[[ SOURCE DATA open ]]

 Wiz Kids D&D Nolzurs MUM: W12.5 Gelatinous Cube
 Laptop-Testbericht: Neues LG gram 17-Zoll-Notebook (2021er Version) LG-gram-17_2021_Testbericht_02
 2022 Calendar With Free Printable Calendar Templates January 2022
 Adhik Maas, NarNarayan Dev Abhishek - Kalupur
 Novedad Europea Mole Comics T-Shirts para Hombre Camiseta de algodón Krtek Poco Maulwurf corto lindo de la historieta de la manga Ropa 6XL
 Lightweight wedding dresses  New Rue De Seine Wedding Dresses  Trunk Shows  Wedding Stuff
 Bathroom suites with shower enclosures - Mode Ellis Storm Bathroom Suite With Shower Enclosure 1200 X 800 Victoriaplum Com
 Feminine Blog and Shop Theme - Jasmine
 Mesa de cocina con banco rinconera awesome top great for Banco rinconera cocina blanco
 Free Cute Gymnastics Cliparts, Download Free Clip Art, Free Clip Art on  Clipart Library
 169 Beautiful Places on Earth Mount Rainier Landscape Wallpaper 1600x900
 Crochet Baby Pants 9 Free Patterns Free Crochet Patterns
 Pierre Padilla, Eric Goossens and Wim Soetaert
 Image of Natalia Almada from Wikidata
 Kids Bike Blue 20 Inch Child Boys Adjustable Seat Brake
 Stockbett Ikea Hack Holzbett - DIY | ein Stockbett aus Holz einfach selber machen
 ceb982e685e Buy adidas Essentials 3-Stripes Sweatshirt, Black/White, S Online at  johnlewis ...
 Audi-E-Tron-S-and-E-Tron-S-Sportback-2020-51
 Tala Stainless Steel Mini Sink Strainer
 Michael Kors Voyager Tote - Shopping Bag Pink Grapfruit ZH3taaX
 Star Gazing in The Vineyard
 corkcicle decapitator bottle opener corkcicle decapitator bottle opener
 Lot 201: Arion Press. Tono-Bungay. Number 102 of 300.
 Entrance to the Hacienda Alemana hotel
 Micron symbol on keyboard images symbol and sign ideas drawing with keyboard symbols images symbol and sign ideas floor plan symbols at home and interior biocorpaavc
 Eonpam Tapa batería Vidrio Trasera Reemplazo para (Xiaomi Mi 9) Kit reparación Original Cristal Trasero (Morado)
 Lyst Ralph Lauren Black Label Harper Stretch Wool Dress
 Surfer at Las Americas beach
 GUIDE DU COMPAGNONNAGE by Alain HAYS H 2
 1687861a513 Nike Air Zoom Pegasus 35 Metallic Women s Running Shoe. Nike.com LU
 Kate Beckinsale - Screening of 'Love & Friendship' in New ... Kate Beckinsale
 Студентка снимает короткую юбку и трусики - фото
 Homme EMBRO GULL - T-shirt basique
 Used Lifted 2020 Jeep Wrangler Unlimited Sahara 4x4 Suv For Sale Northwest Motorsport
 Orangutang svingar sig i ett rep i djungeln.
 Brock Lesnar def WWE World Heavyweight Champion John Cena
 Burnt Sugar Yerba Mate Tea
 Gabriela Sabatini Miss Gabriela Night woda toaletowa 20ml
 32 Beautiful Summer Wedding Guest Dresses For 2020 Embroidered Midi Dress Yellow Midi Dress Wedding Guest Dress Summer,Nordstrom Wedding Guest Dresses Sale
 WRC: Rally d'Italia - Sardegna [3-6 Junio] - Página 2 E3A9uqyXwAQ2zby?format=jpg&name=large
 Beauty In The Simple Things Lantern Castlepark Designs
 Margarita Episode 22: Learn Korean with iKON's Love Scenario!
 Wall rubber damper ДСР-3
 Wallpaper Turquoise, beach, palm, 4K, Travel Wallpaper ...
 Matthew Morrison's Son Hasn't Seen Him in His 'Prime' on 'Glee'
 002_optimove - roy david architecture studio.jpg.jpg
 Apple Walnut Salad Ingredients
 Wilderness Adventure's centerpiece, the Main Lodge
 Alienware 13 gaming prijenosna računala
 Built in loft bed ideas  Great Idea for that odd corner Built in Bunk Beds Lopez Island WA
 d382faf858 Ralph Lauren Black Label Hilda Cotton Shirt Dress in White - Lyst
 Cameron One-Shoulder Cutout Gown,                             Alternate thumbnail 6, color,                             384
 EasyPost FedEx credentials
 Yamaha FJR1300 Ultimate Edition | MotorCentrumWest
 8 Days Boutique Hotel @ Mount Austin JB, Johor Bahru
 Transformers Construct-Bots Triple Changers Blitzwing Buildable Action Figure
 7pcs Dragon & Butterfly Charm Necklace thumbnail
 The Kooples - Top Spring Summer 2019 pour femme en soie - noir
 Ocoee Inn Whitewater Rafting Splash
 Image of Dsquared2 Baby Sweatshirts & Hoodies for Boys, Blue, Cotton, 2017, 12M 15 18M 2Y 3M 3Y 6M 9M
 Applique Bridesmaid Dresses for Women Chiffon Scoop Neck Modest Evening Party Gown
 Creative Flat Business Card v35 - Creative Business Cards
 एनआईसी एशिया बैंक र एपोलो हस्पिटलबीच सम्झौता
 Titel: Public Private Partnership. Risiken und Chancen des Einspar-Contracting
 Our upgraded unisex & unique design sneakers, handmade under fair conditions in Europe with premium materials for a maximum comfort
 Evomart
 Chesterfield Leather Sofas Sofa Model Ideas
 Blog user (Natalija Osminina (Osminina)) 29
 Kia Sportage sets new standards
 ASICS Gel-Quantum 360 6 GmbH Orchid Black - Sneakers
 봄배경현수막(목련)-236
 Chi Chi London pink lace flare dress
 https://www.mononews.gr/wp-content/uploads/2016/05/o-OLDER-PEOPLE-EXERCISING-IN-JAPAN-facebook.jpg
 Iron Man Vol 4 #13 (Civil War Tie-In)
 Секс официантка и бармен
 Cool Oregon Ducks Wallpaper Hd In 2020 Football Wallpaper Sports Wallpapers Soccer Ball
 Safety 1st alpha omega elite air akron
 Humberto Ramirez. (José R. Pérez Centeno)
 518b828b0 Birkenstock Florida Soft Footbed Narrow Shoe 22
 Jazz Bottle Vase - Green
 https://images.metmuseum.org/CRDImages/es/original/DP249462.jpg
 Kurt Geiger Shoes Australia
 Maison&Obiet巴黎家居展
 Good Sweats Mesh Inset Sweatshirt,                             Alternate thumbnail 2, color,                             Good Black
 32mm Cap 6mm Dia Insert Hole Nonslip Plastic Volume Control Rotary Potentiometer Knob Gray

[[ SOURCE DATA closed ]]

# [WORK TASK]
Restate word for word only the lines above from the line containing "Wilderness Adventure's centerpiece, the" to the line containing "Ocoee Inn Whitewater Rafting Splash", both of them included.

# [SOLUTION TO THE EXERCISE]
 Wilderness Adventure's centerpiece, the Main Lodge
 Alienware 13 gaming prijenosna računala
 Built in loft bed ideas  Great Idea for that odd corner Built in Bunk Beds Lopez Island WA
 d382faf858 Ralph Lauren Black Label Hilda Cotton Shirt Dress in White - Lyst
 Cameron One-Shoulder Cutout Gown,                             Alternate thumbnail 6, color,                             384
 EasyPost FedEx credentials
 Yamaha FJR1300 Ultimate Edition | MotorCentrumWest
 8 Days Boutique Hotel @ Mount Austin JB, Johor Bahru
 Transformers Construct-Bots Triple Changers Blitzwing Buildable Action Figure
 7pcs Dragon & Butterfly Charm Necklace thumbnail
 The Kooples - Top Spring Summer 2019 pour femme en soie - noir
 Ocoee Inn Whitewater Rafting Splash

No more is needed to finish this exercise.